▶ _Exercise description_
All of the data below should be repeated exactly. Pictures should not be included.

▶ _Data section_
Segment Open

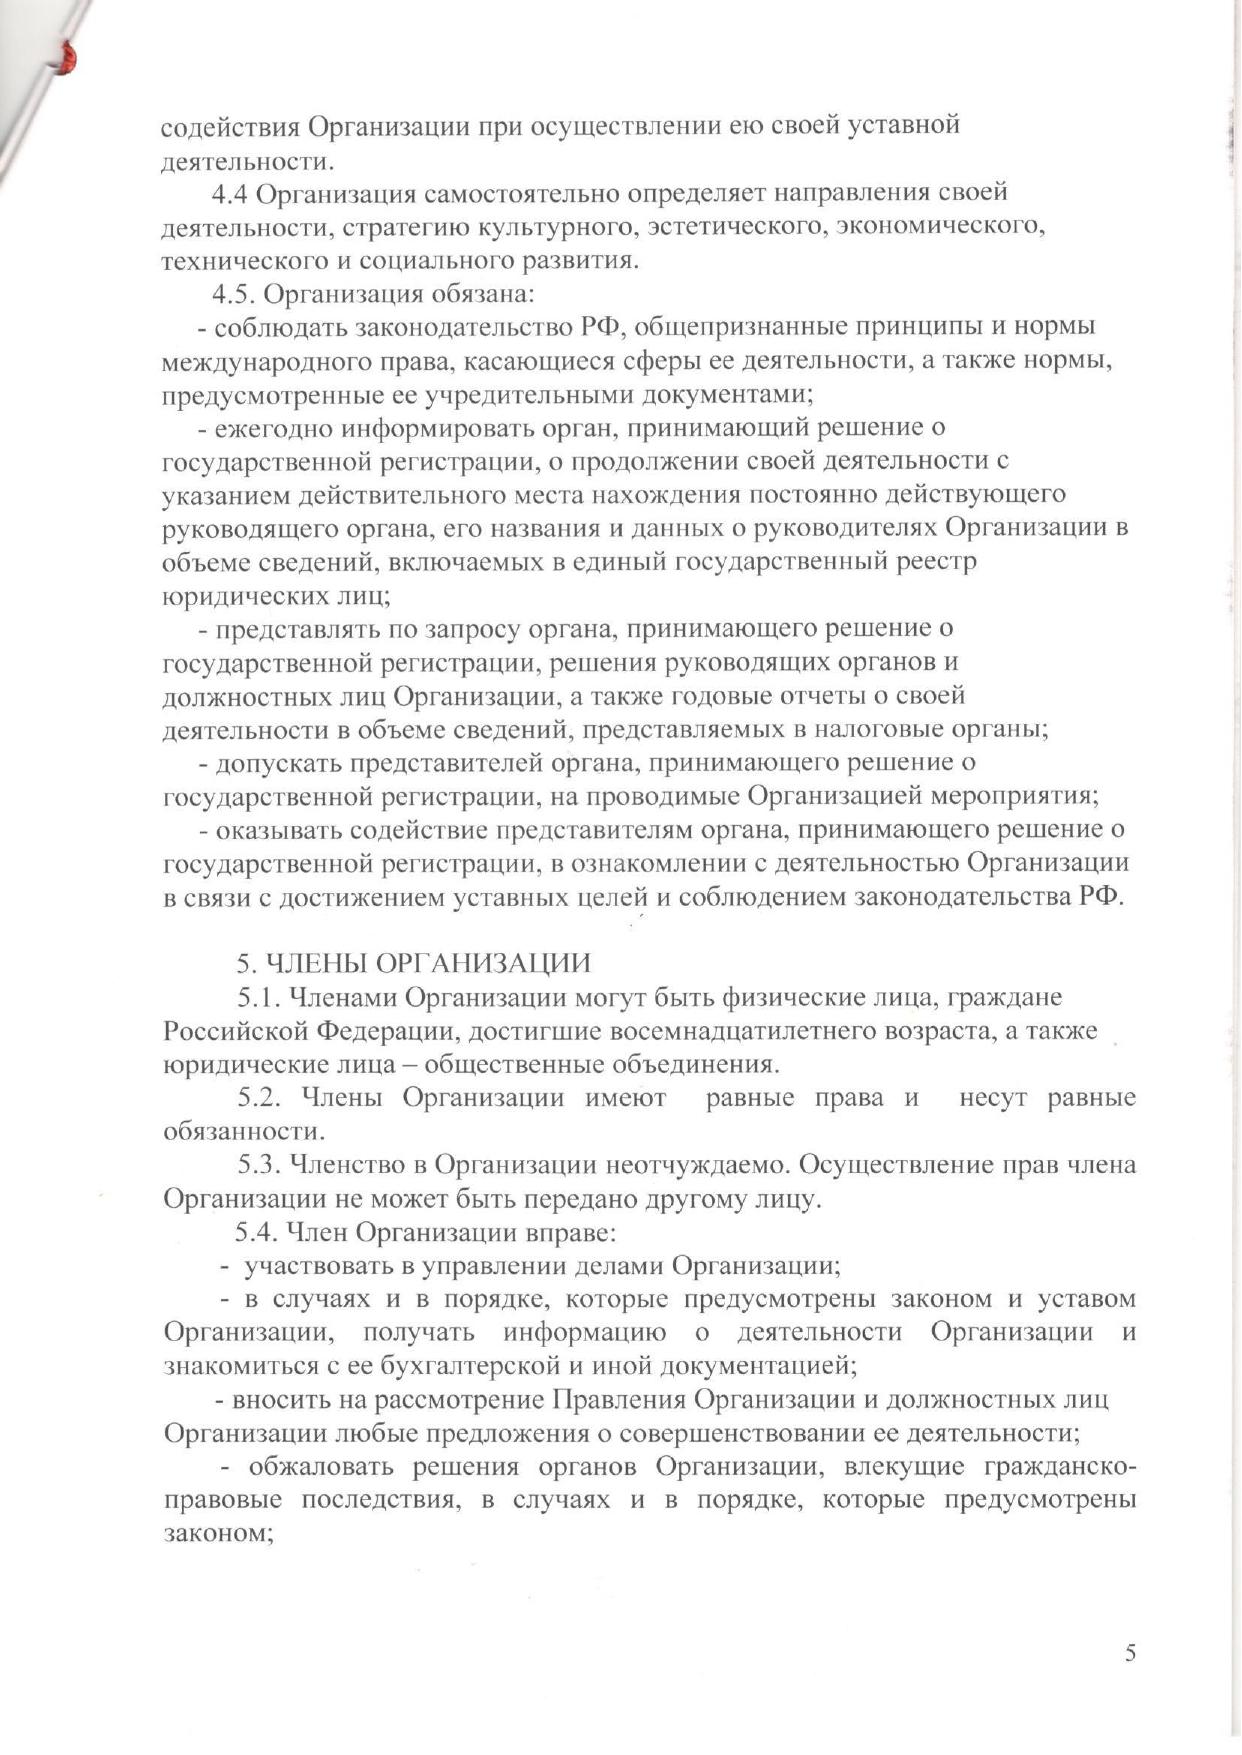 Устав_pages-to-jpg-0005
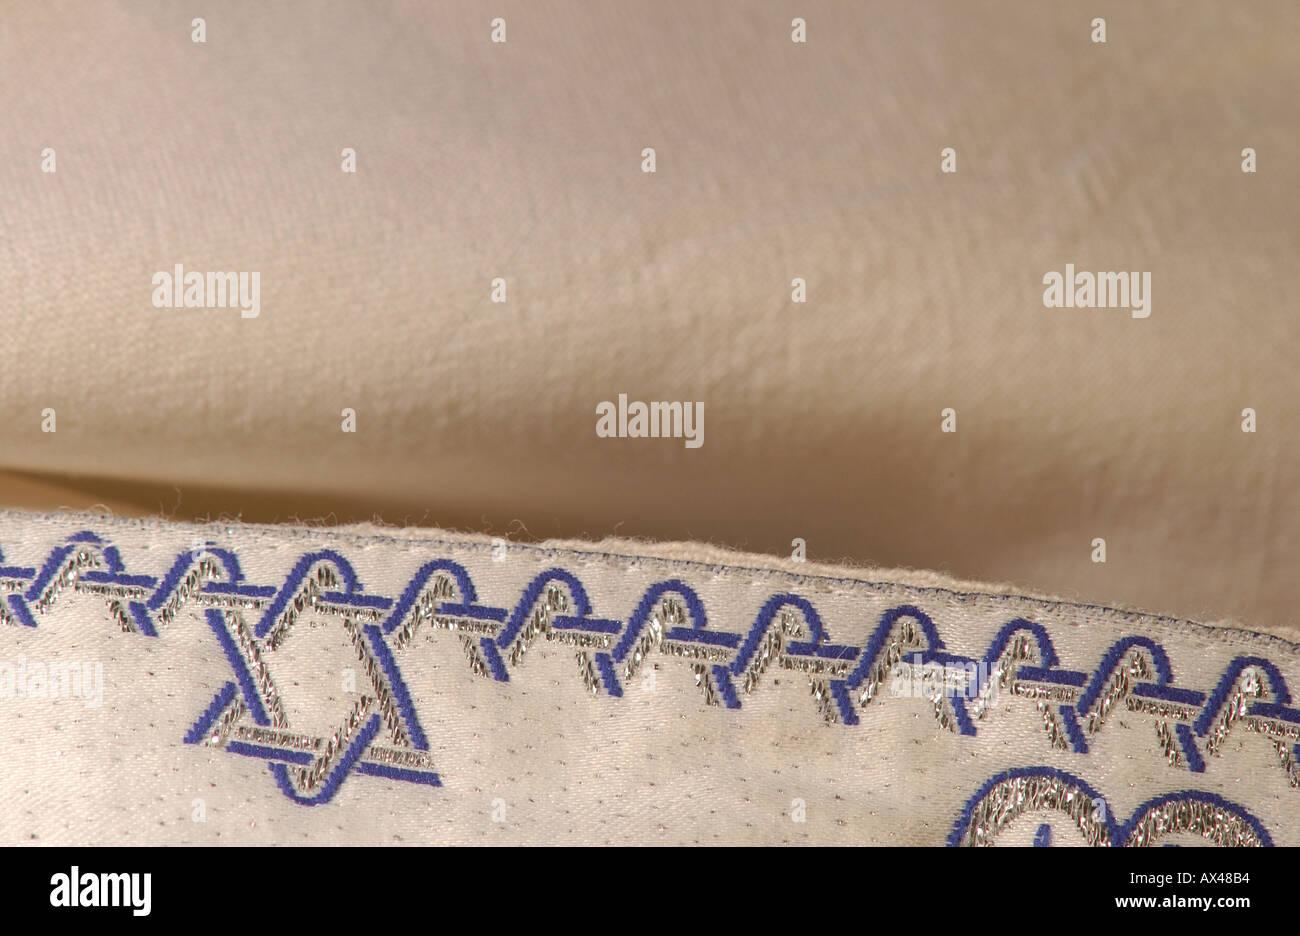 Judaica Symbols Prayer Shawl - Stock Image
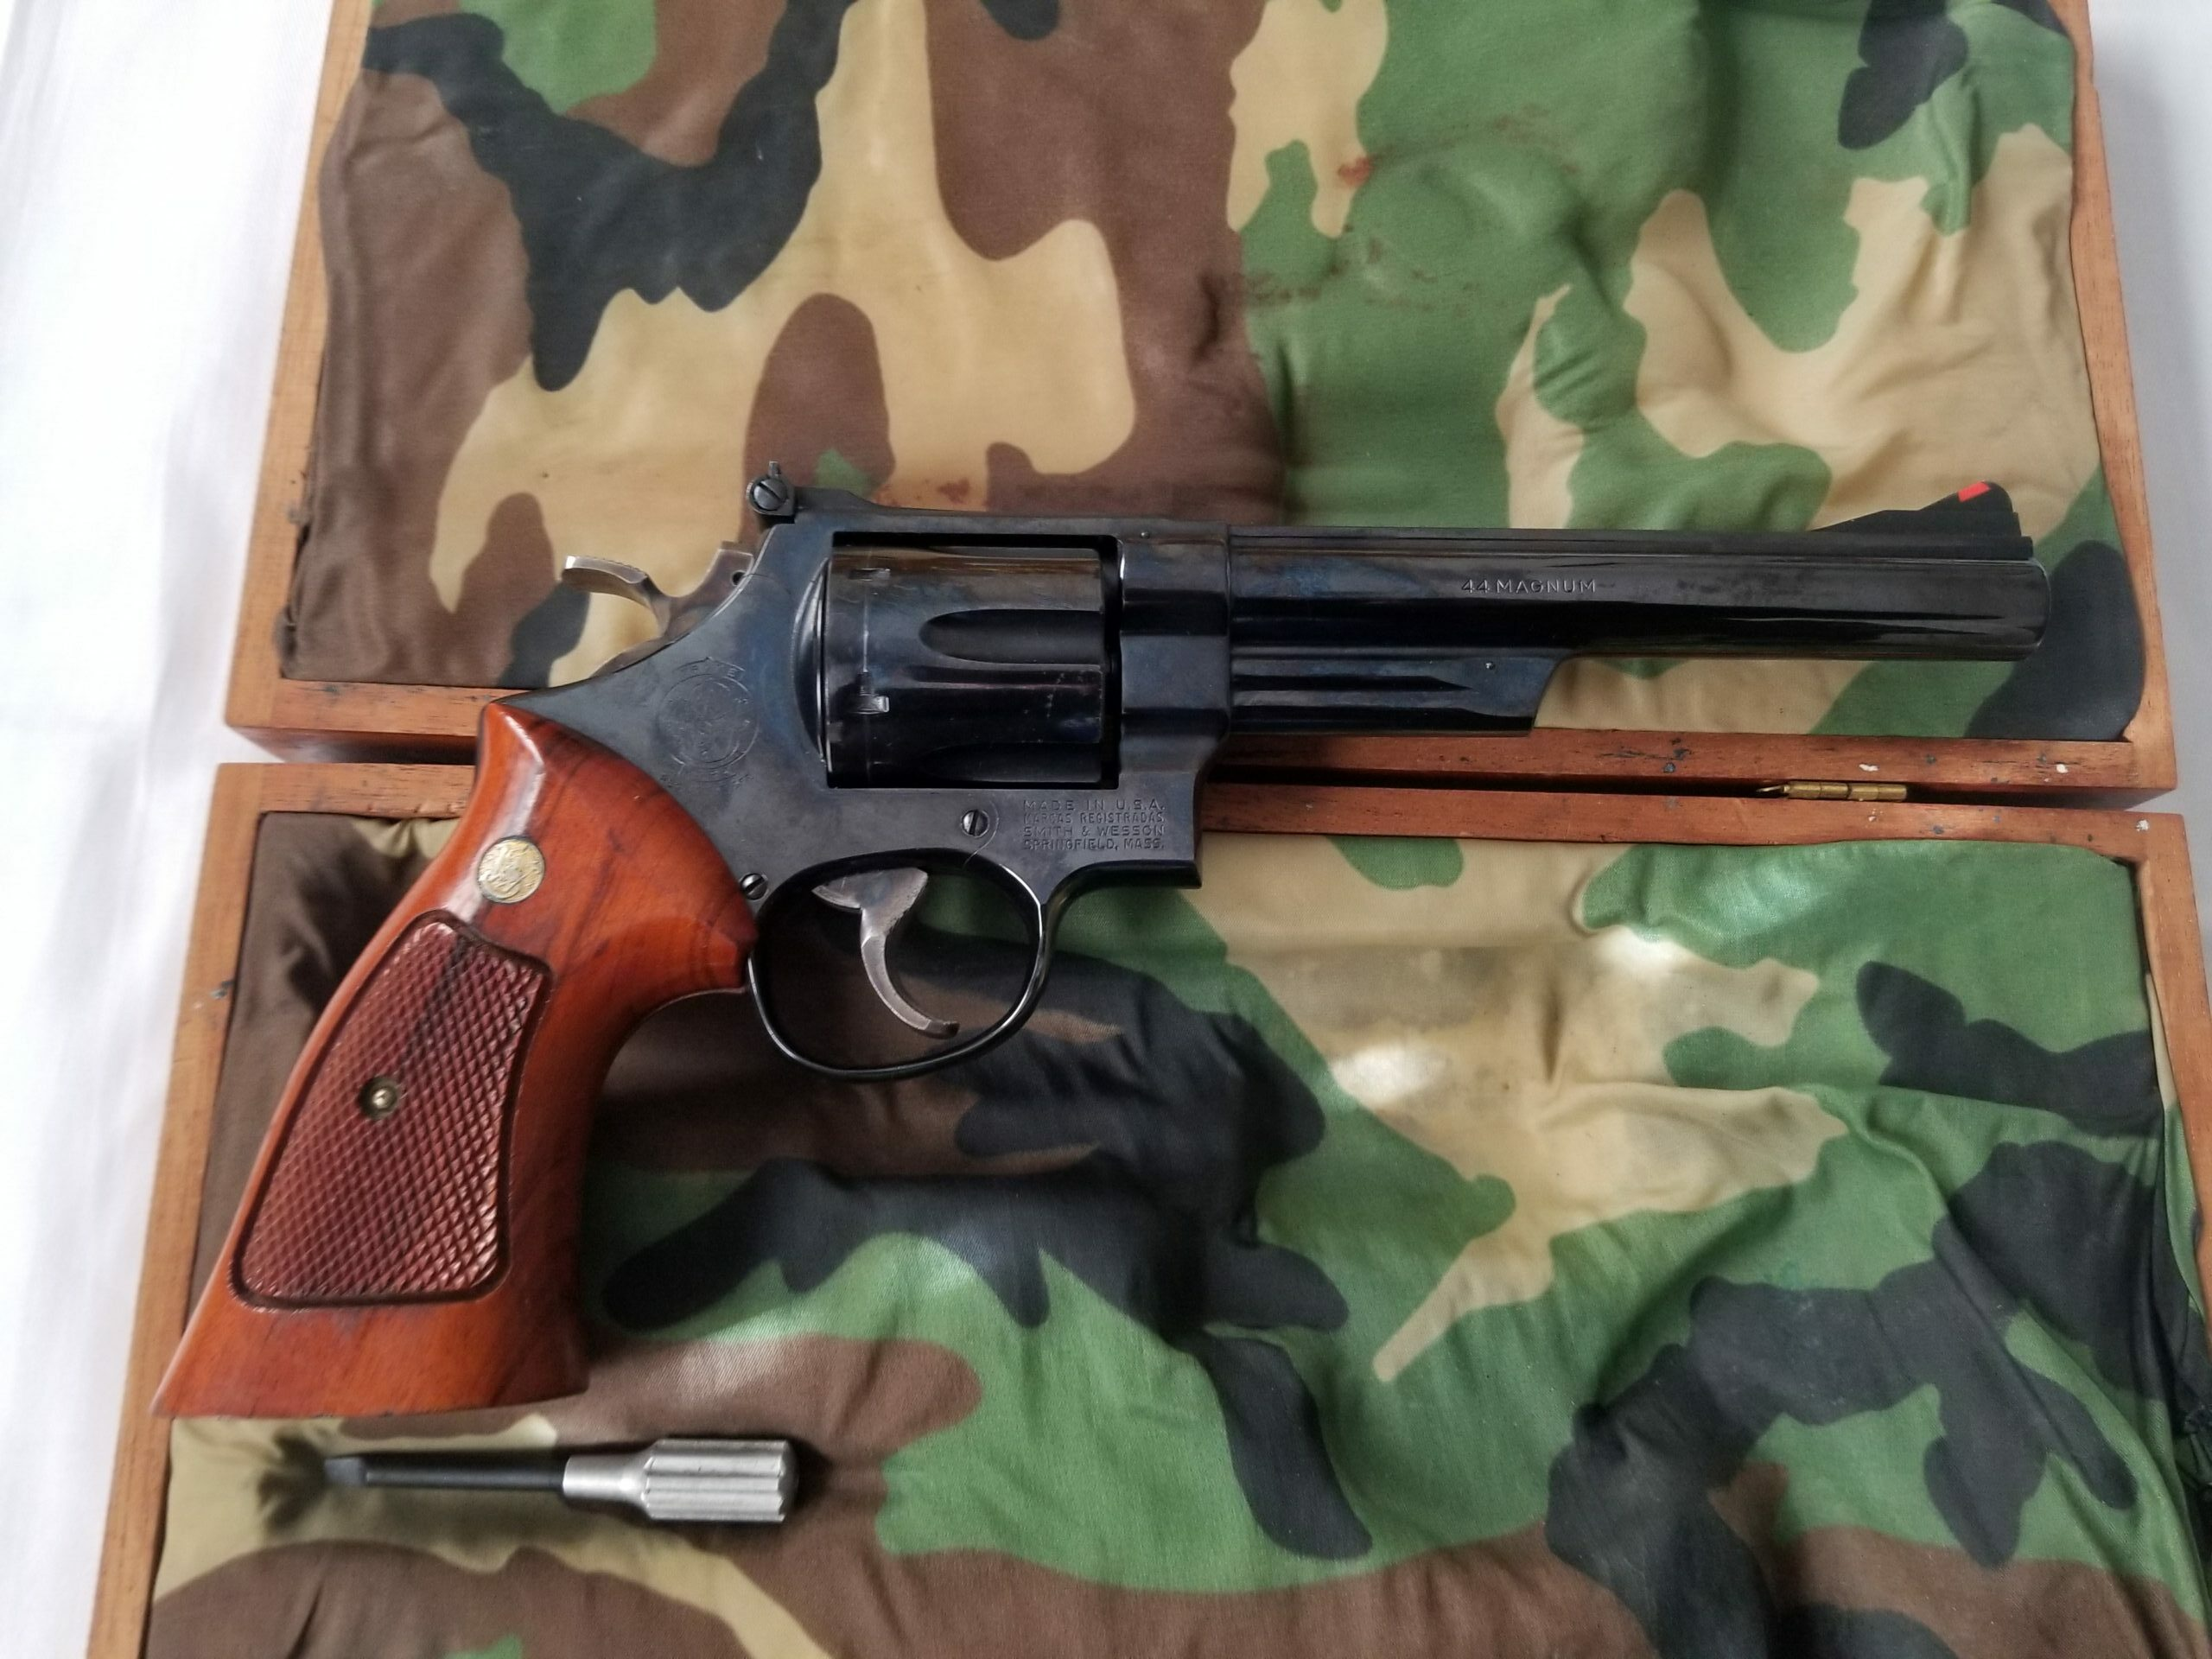 Smith & Wesson Model 29-2 .44 Magnum Revolver

Segment Closed

▶ _Expected answer_
 Устав_pages-to-jpg-0005
 Judaica Symbols Prayer Shawl - Stock Image
 Smith & Wesson Model 29-2 .44 Magnum Revolver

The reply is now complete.